*Data for this task*.
────────────────

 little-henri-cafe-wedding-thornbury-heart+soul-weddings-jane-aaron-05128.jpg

────────────────

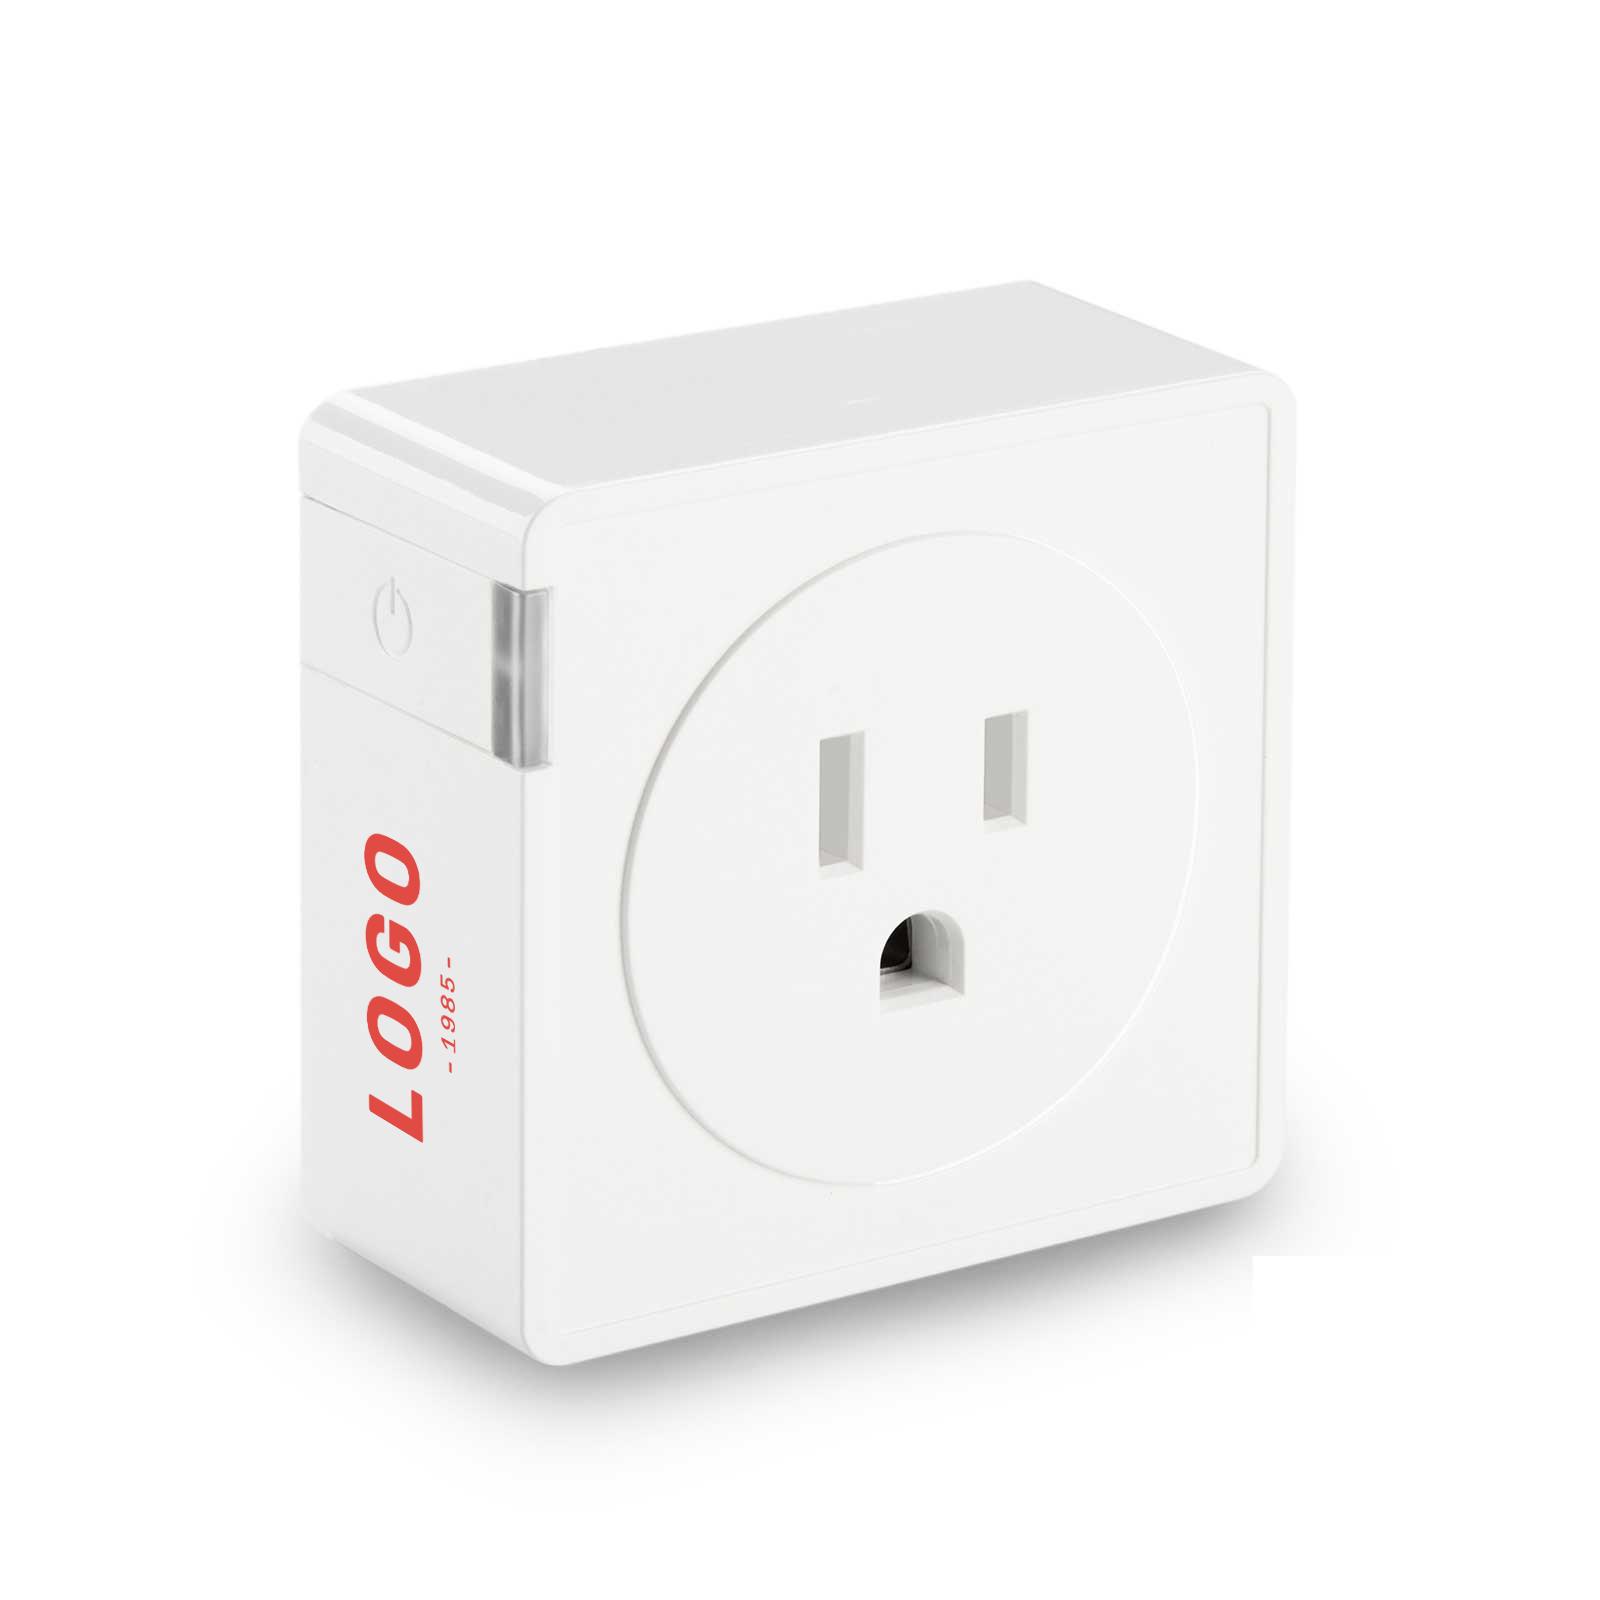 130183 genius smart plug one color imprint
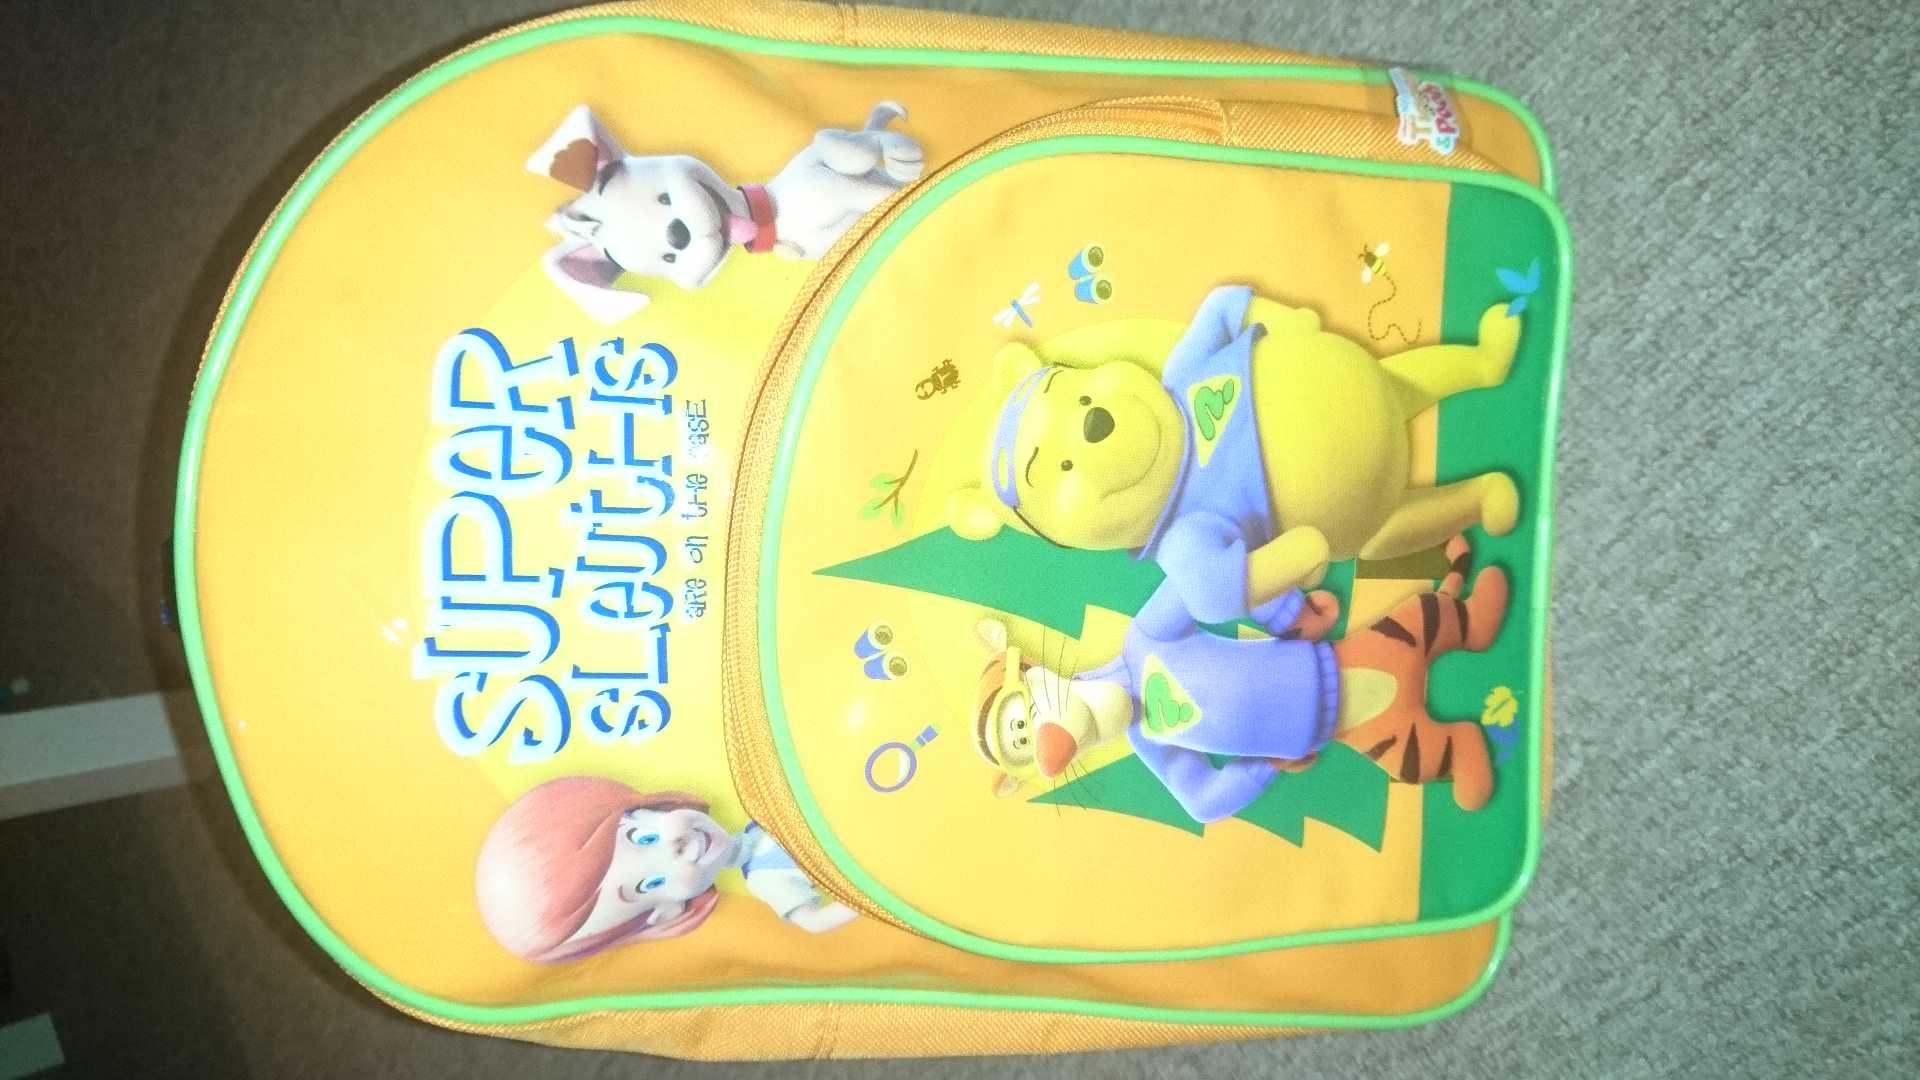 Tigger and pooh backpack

────────────────

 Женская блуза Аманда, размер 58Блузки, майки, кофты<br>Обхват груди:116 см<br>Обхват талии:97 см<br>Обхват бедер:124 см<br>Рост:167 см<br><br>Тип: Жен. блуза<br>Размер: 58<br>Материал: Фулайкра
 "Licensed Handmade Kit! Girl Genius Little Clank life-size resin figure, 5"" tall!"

────────────────

*Task instructions*. Go back to the lines above and output, exactly as they stand, the ones from the line containing "130183 genius smart plug one color imprint" to the line containing "Tigger and pooh backpack". Leave all pictures behind.

*Result*.
 130183 genius smart plug one color imprint
 Tigger and pooh backpack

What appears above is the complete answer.